A research report published in the American Journal of Psychiatry found a strong inverse association between height and suicide in Swedish men. In other words, the suicide rate was higher for shorter men. This may signify the importance of childhood exposure in the etiology of adult mental disorder or reflect stigmatization or discrimination encountered by short men in their adult lives. A record linkage study of the birth, conscription, mortality, family, and census register data of 1,299,177 Swedish men followed from age 18 to a maximum of age 49 was performed and it was found that a 5 cm increase in height was associated with a 9% decrease in suicide risk.
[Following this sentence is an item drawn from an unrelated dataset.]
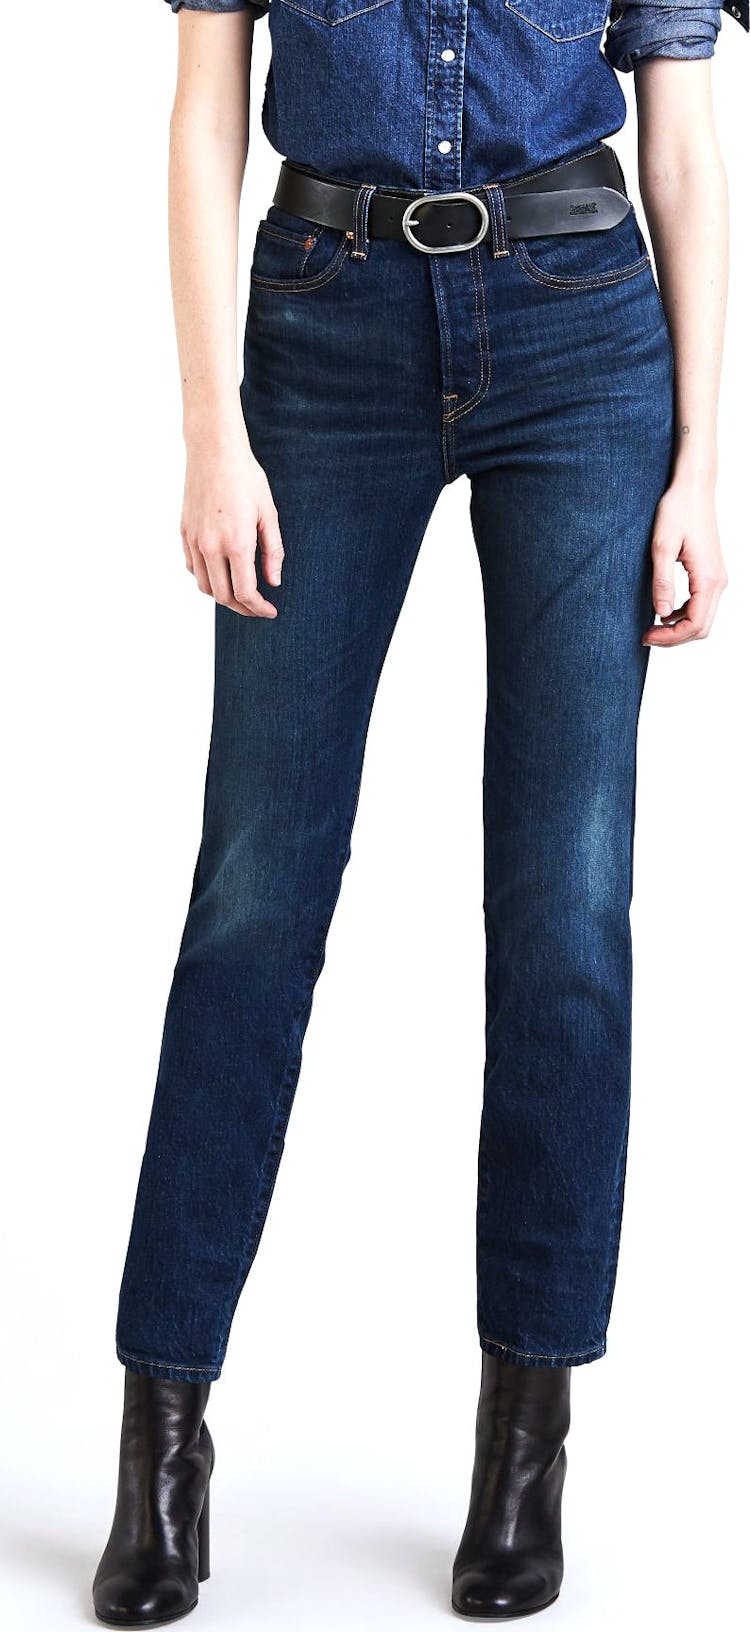 Numéro de l'image de la galerie de produits 1 pour le produit Jeans Wedgie - Femme
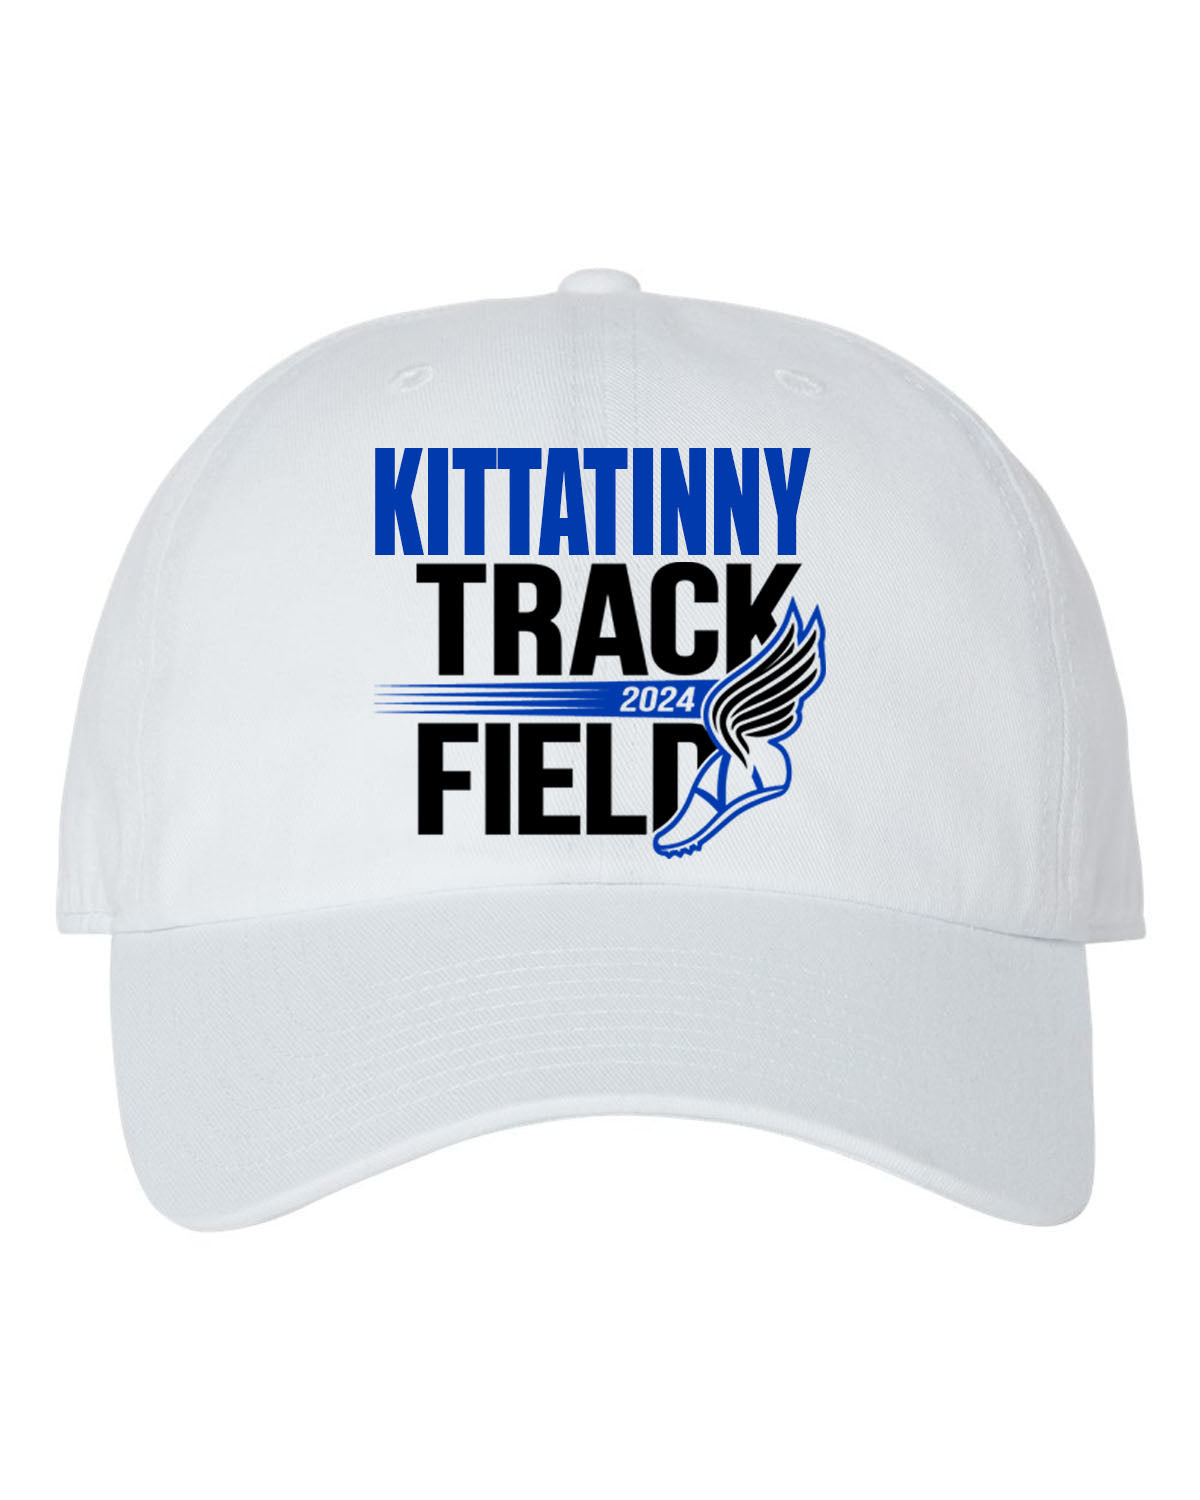 Kittatinny Track Design 6 Trucker Hat

Another study involving was conducted involving suicide and height for men, specifically relating to suicide attempts. It looked into hospital admissions of Swedish men and found that the risk of suicide declined when height increased. There were strong correlations between social class and height in the participants, particularly shorter men of lower status had a higher suicide probability. Also those of low socioeconomic standing could be more susceptible to health problems that cause shortness, and were more vulnerable to psychiatric illnesses.

For other forms of discrimination there is without a doubt some form of psychological harm on the individual. However, for height discrimination, it can be disputable. Research has shown that heightism has arguably little effect on any aspects of someone's quality of life, including mental state. Only individuals on the high end range of short and tall have experienced some moderate impact on physical performance. Furthermore, majority of the potential negative mental health effects individuals could have came from internally, height discontentment, and it was relatively small compared to overall livelihood. While there is an increase in negative treatment towards individuals in the height area of less than 175 cm, it was mild in totality and only a small percentage of the overall study group reported it. The correlation between heightism and the well-being of someone was found to be small.